6. The method of claim 5, wherein the anisotropic correction of the downstream P-wave, the second time shift correction, and the third time shift correction have corrected imaging gather time difference formulas of
And->
Wherein DeltaT P (alpha) is the time shift amount of converting the anisotropic travel time of the downlink P wave of each sector into the isotropic travel time, z is the depth, x is the offset distance, x p Is half the offset of the PP wave,is the offset velocity of the P wave along the crack trend, V P(α) Refers to the P-wave velocity, eta in the sector P (alpha) is the non-elliptic coefficient of variation with azimuth in the sector area, sin 2P Alpha) is a sine form of an equivalent emergence angle of the upward P wave in the sector area, and delta T C Is the time shift of converted wave, V c Is the velocity of the converted wave, x s Is half of the offset distance of SS wave, V s Is the velocity of S wave, T ps0 Is the self-excitation self-time of PS wave.
7. The method of any one of claims 1 to 6, wherein the acquiring a PS wave target CIP trace set from the P wave target offset velocity model and the target γ model comprises:
dividing a seismic source into a plurality of sector areas at imaging points according to a preset rule;
in each sector area, respectively determining a second PS wave sub CIP gather according to the P wave target offset velocity model and the target gamma model;
dividing the second PS-wave sub-CIP gather into a first offset PS sub-gather and a second offset PS sub-gather according to a preset offset threshold;
respectively obtaining a first converted wave model and a second converted wave model according to the first offset PS sub-track set and the second offset PS sub-track set;
and carrying out anisotropic correction on the uplink S wave on a second PS wave sub CIP gather corresponding to each fan-shaped area according to the first converted wave model and the second converted wave model, and superposing the corrected second PS wave sub CIP gather to obtain the PS wave target CIP gather.
8. The method of claim 7, wherein the determining a second PS-wave sub-CIP trace set from the P-wave target offset velocity model and the target γ model, respectively, comprises:
respectively generating an initial PS wave sub CIP gather according to the P wave target offset speed model and the target gamma model;
and performing time shift correction on the initial PS-wave sub-CIP gather to obtain the second PS-wave sub-CIP gather.

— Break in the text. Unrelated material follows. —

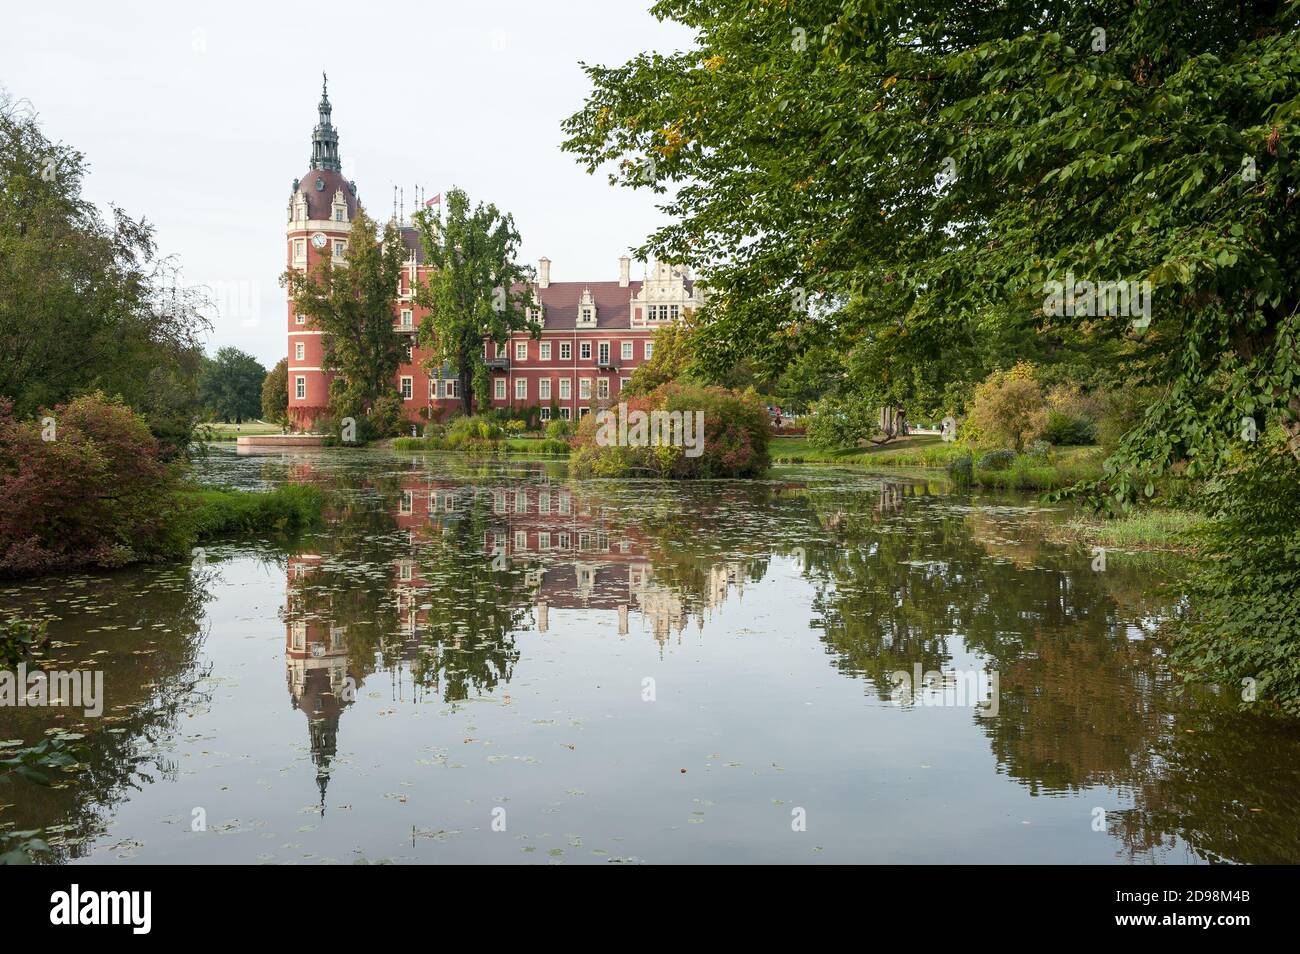 Muskau palace, Muskau Park, Upper Lusatia, Germany Stock Photo - Alamy
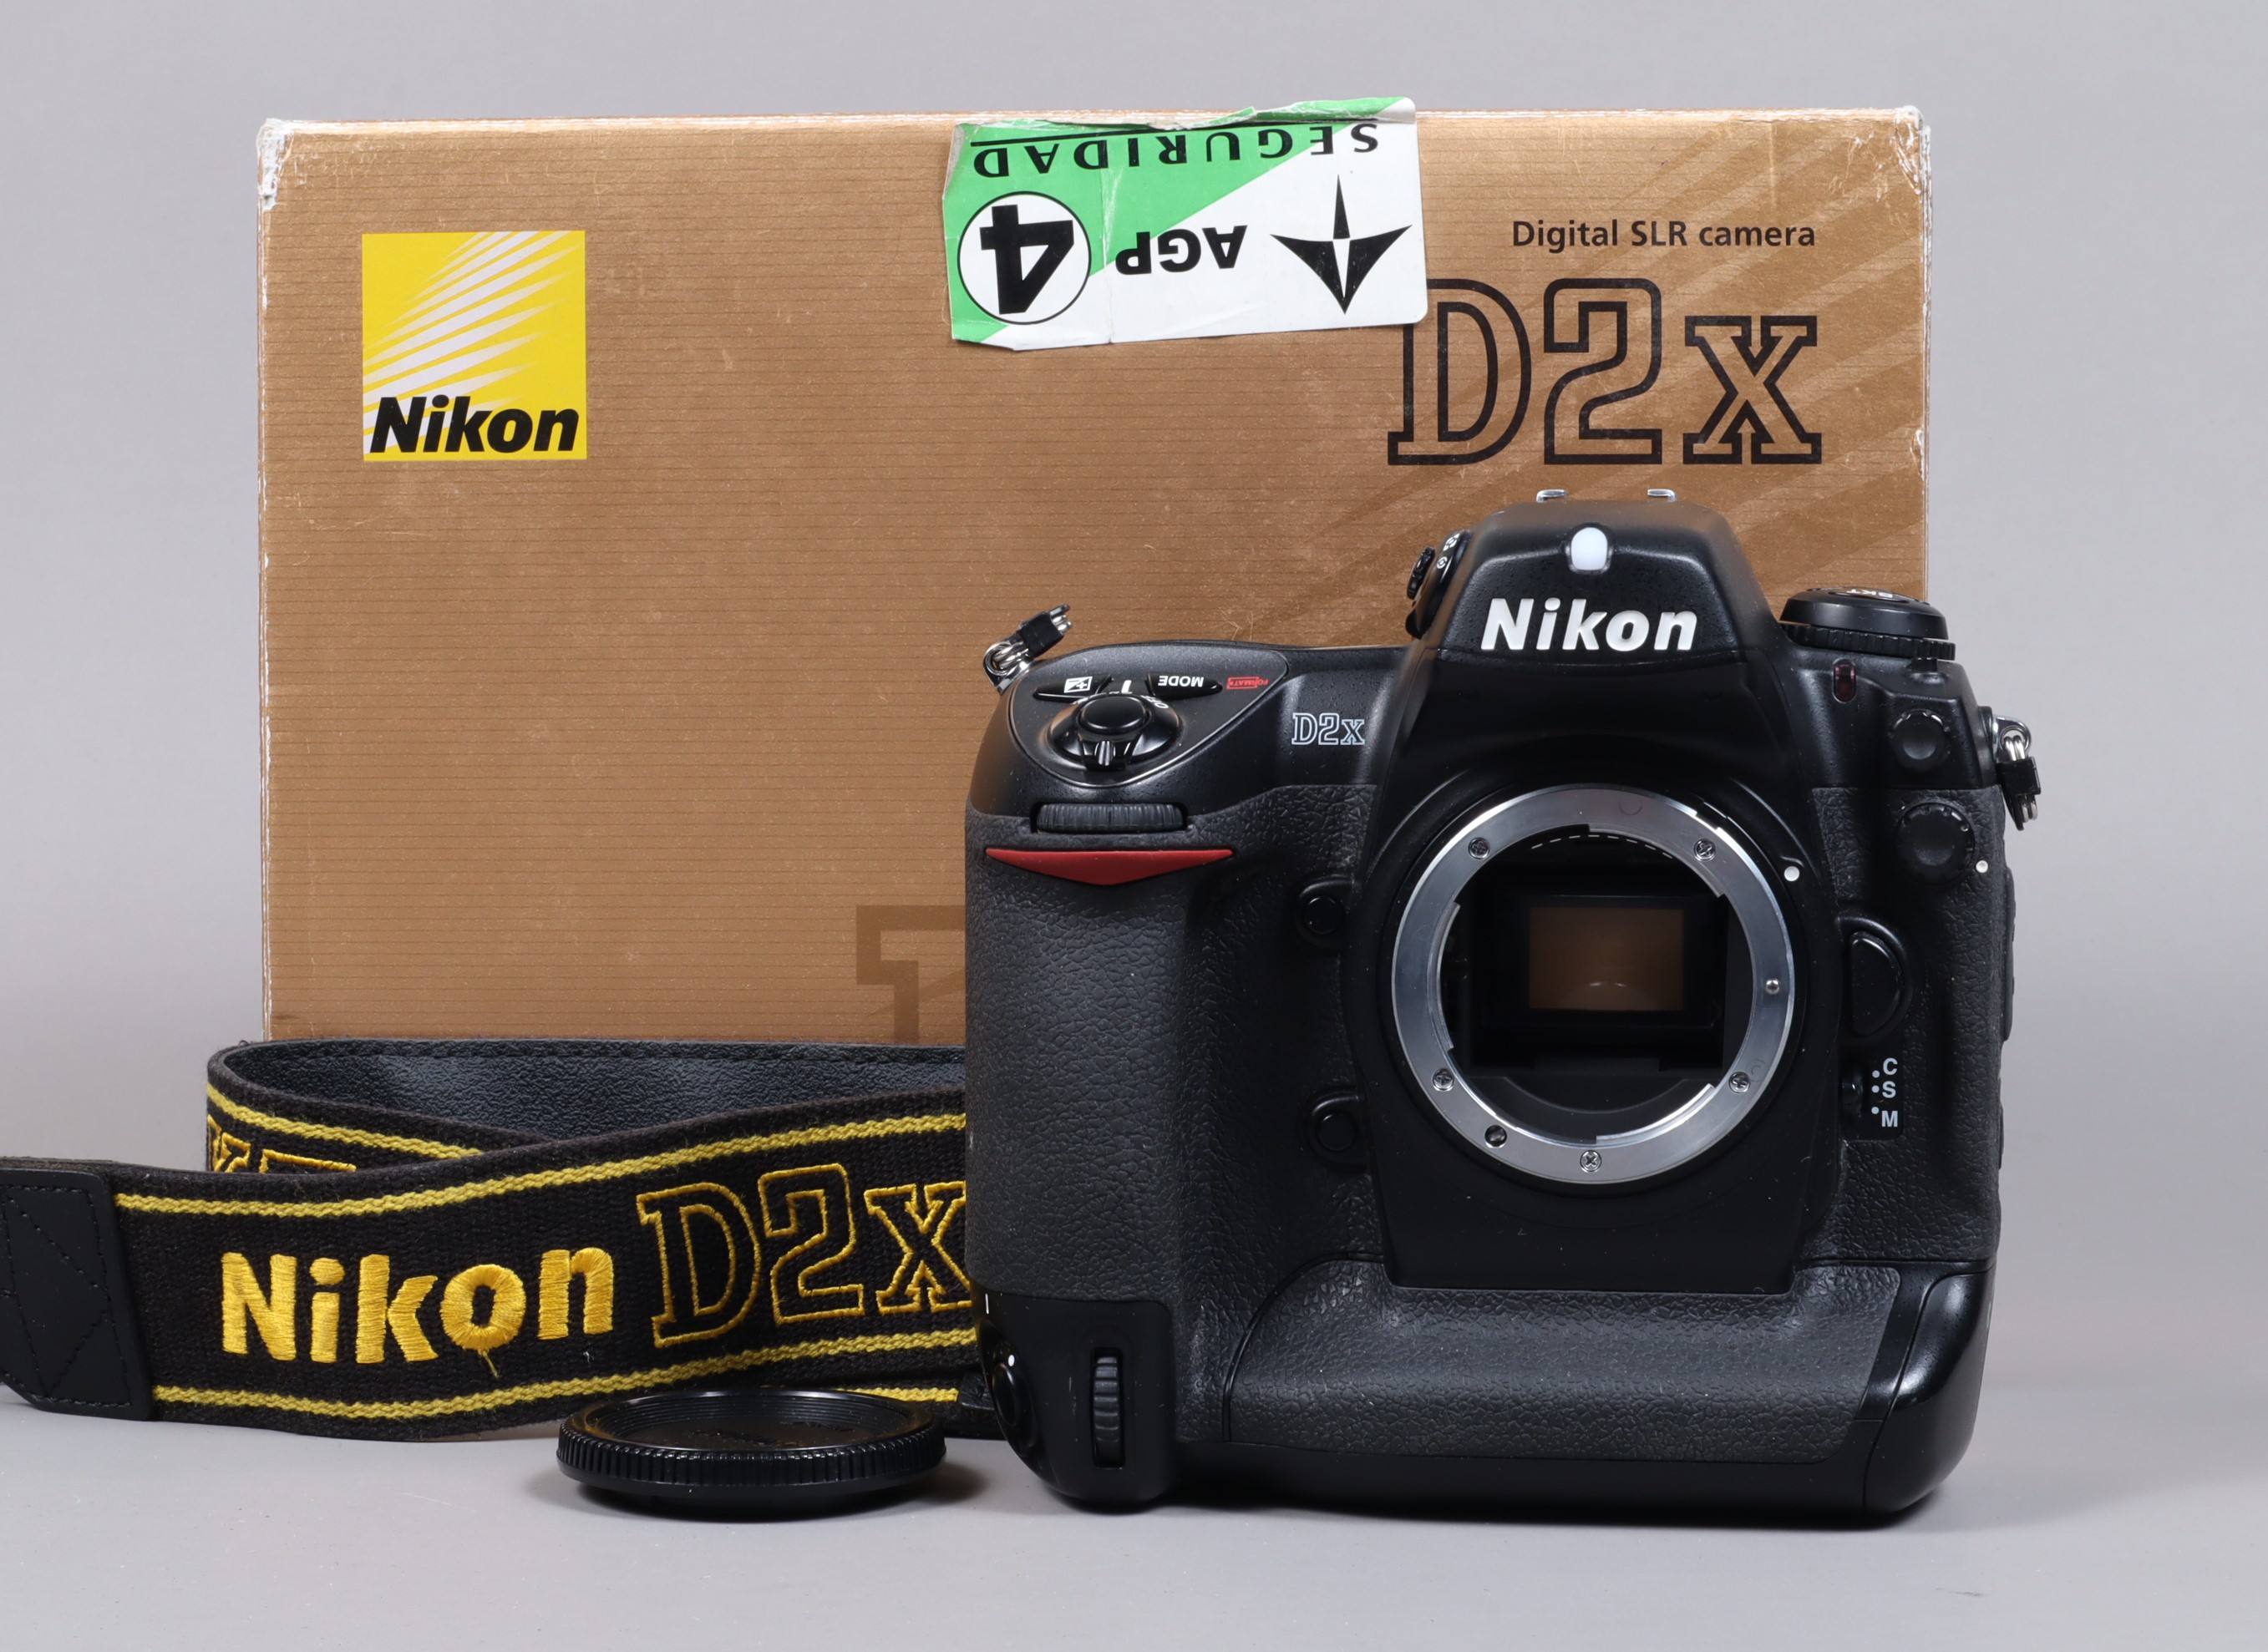 A Nikon D2x DSLR Camera Body, serial no 5043913, body G, light wear, with body cap, strap, manual,

9. An apparatus for three-dimensional VSP imaging, comprising:
the first acquisition module is used for acquiring a P wave update speed model, wherein the P wave update speed model is obtained by updating a P wave initial speed model through a P wave isotropic offset speed;
the updating module is used for updating the P-wave anisotropic migration velocity of the P-wave updating velocity model to obtain a P-wave target migration velocity model, and the P-wave target migration velocity model is used for generating a PP-wave imaging profile according to a PP-wave CIP gather;
the second acquisition module is used for acquiring an initial gamma model, correcting the initial gamma model to obtain a target gamma model, wherein the gamma model is a PP wave T0 time domain P wave to S wave offset speed ratio model;
the imaging module is used for acquiring a PS wave target CIP gather according to the P wave target offset speed model and the target gamma model and generating a PS wave imaging section, wherein the PS wave target CIP gather is the PS wave CIP gather after the anisotropic effect of the downlink P wave and the uplink S wave is eliminated.
10. The apparatus of claim 9, wherein the apparatus further comprises:
and the separation module is used for carrying out fast and slow transverse wave separation on the PS wave imaging profile to obtain a target imaging profile.